“Giving birth to a new people” - Jaco Botha

"I am ordained in the Dutch Reformed Church. It is the Church that is at the origin of apartheid, the Church of the old rulers of this country. They are the ones who thought about and developed the ideology of racial division. Our story is a story of segregation. This is the truth in which we as a church has to serve, both coming to terms with our sin and becoming a true part of Africa. This ghost continues to haunt us even until today, more than 20 years after our first democratic elections. We are still far from a true democracy in South Africa. Access to education, adequate health services, employment and sanitation still remain elusive for many South Africans. This fuelled the anger that led to 2016’s protests known as the #feesmustfall movement. Black students demanded institutional reform in lower tuition fees, access to university and a more inclusive language policy.

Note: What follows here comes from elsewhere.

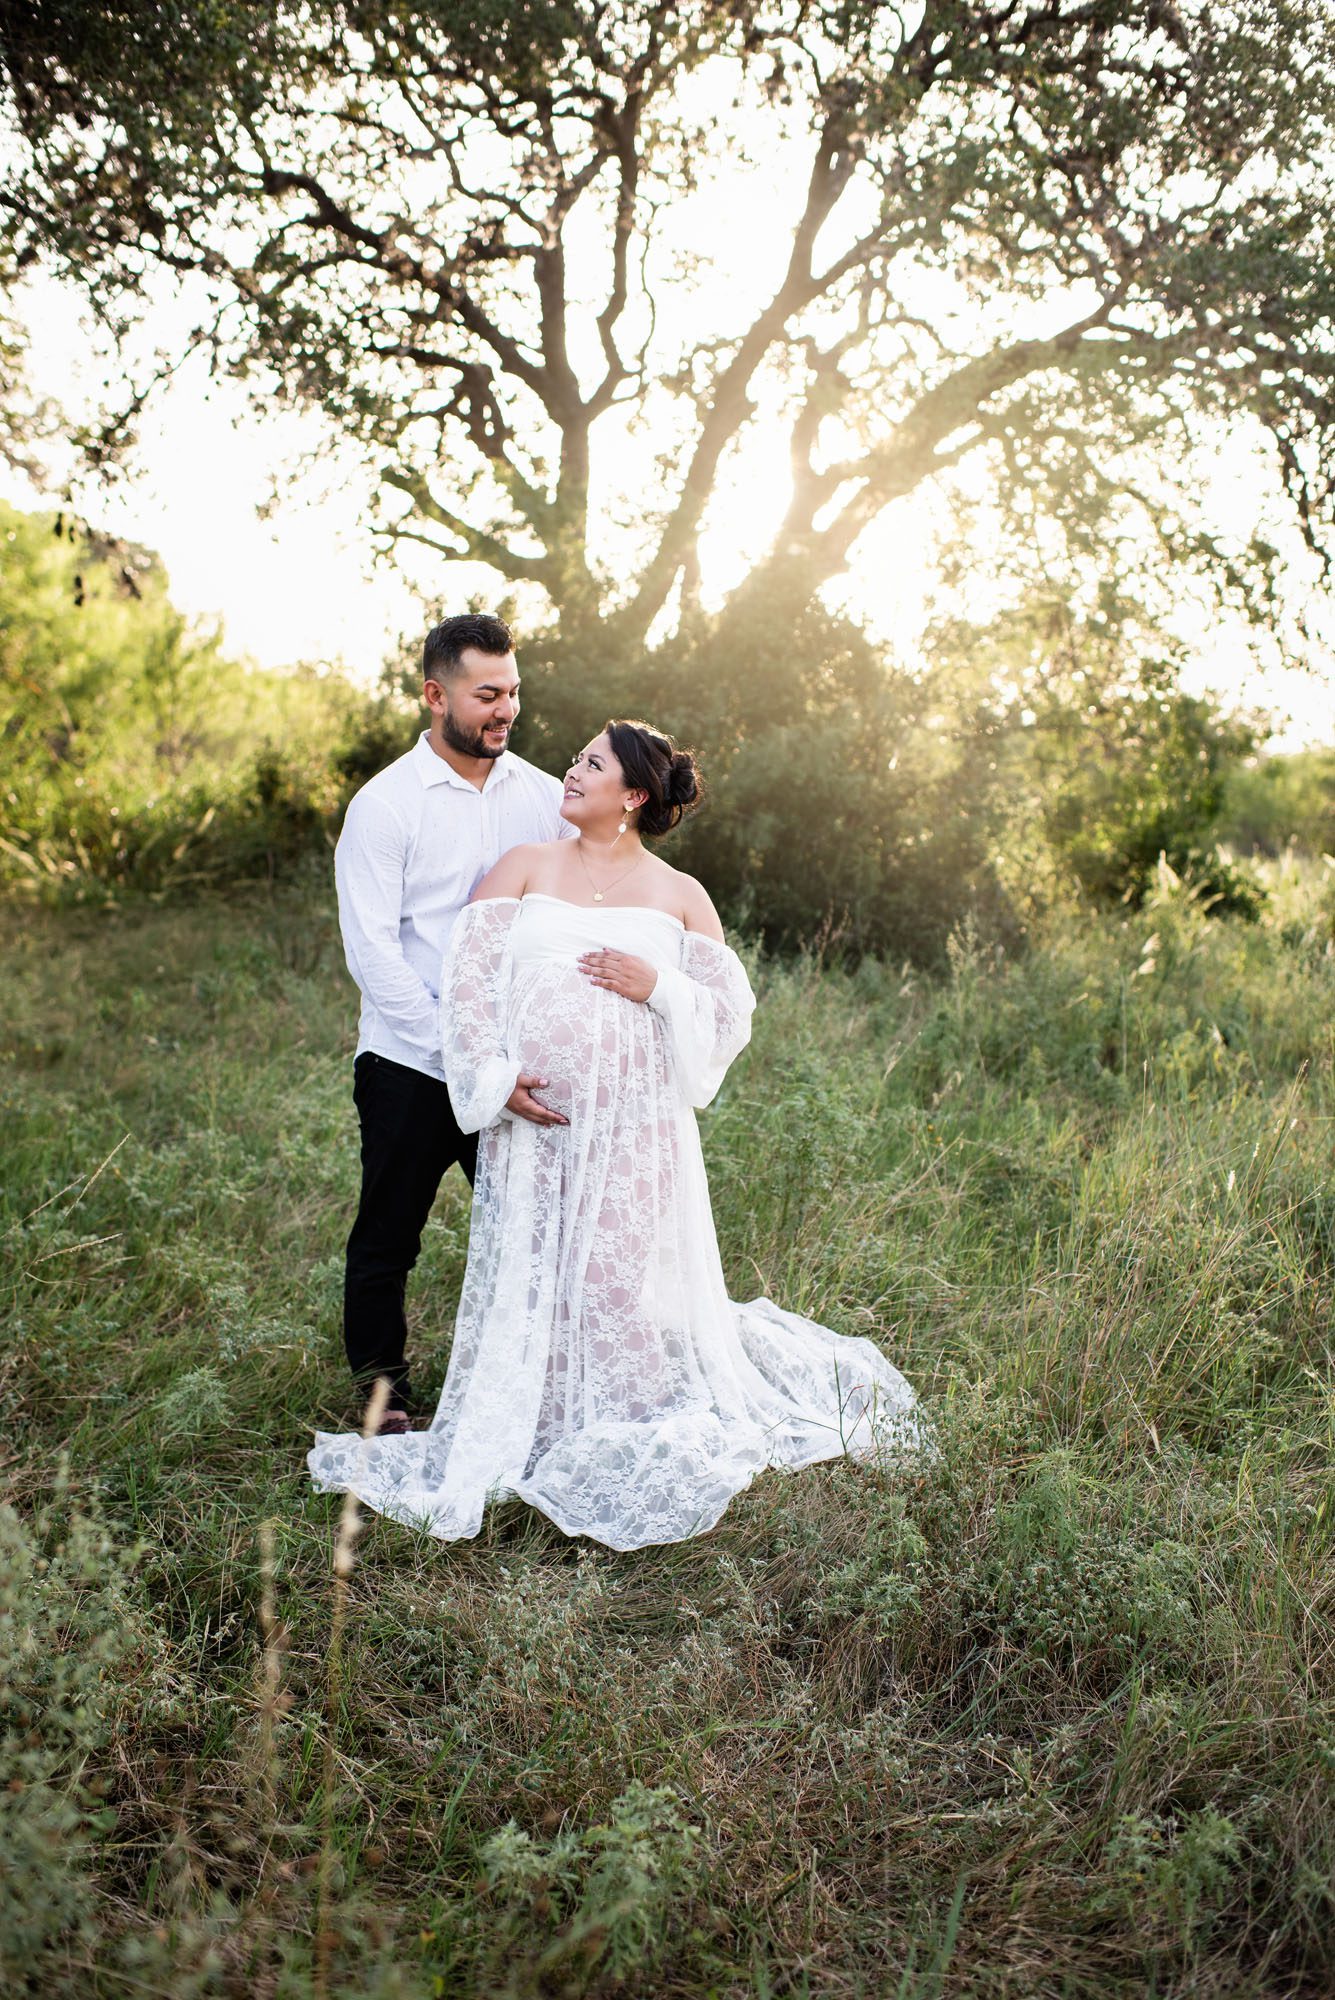 Expectant couple looking at each other lovingly, San Antonio maternity lifestyle photographer

How to accompany young people so that they take in hand their destiny, their history and free themselves of structures which robbed them their dignity? I am beginning to understand that giving birth to a new people is a difficult struggle. Here at Legacy, we offer security to people, we support them, we accompany them to heal trauma and violence. I am here because I need to be delivered from an ideology that was transmitted to me by my forefathers. I am not here to talk about God, but because I seek God to be cured of racism and xenophobia. The people I work with contribute to my healing. I cannot write or preach without the stories of people here. Many people come from abroad to save Africa. We do not need the United Nations or the big aid agencies to save us. The love we need is here. We are on our way, on a long road, to love each other despite new wounds. We do not need money, we do not need a plan, but we need people who love us, who help us to become ourselves, who are in solidarity with this birth, who carry with us the traumas, the cross of Christ to live the resurrection that escapes the control of the human being. This is where I see hope!

Louis Van Der Riet, Zanele Kumalo, Ntobekhaya Sibene, Wynand Marc Breytenbach and Jaco Botha, April 2018 in Taizé

During the passed years, we faced a massive looting of public resources by those in the authority of the state and those in politcs. Yet we have seen the South African Council of Churches play a prophetic role in advocating for justice and public accountability for the government.

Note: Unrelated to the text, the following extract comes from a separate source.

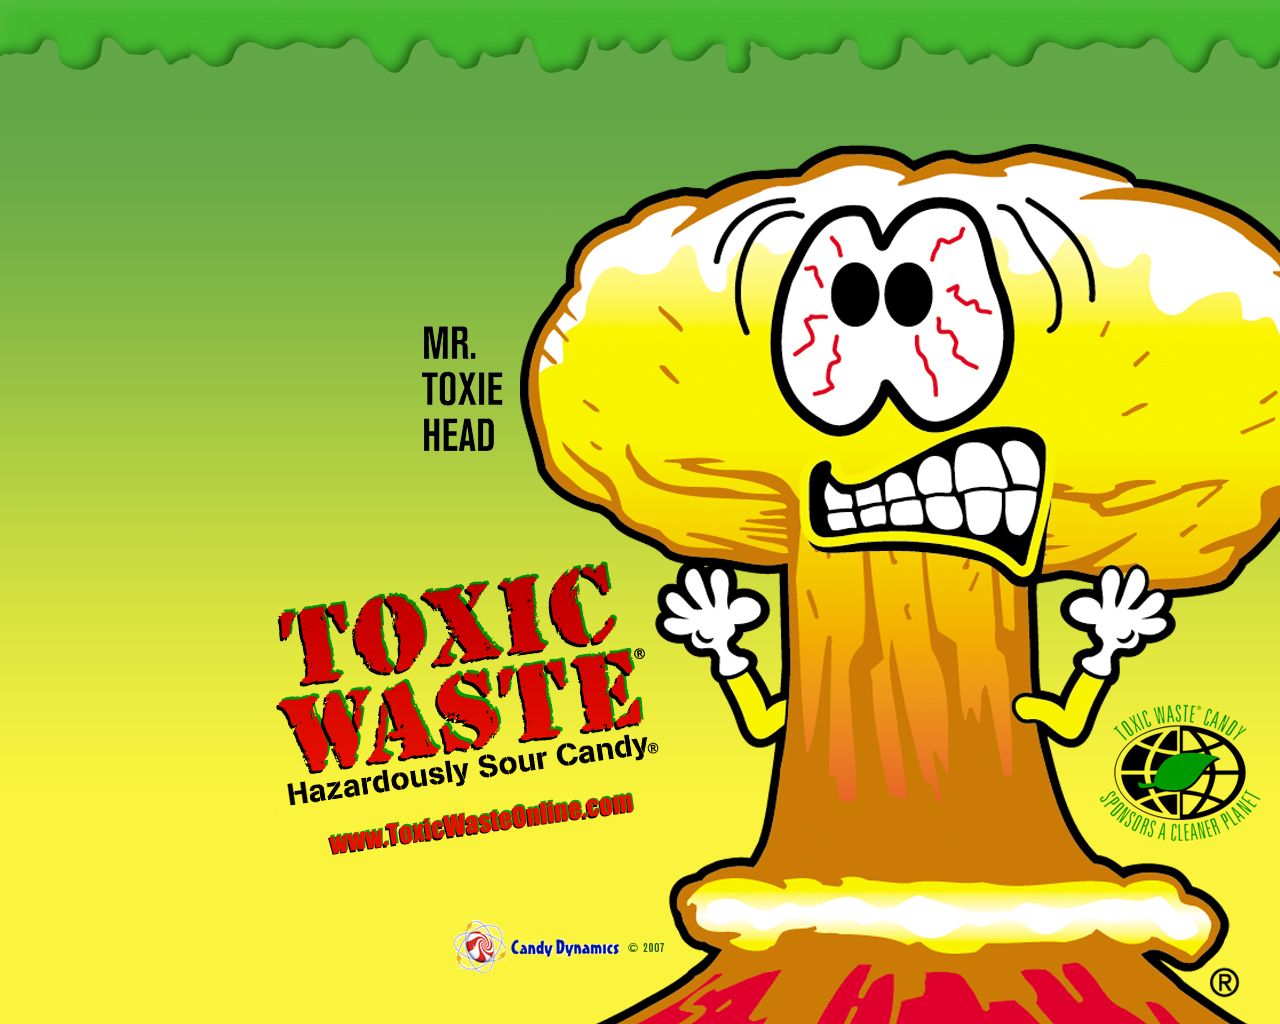 Take The Handle Toxic Waste Candy is Actually Toxic

Ubuntu - "I am what I am because of who we all are"- is Africa’s gift to the human family, an hybrid theology. My hope is that we can create a society where we can consider that the other helps me to become more myself. I would not be myself if there were no other Africans. Not recognizing this leads to arrogance. The Afrikaners live a similar path to that of the Germans after the Second World War. The fault must be assumed. But there is more, there is the image of God in every human being for all. It’s a path. "

Jaco Botha, PhD Theology, Stellenbosh.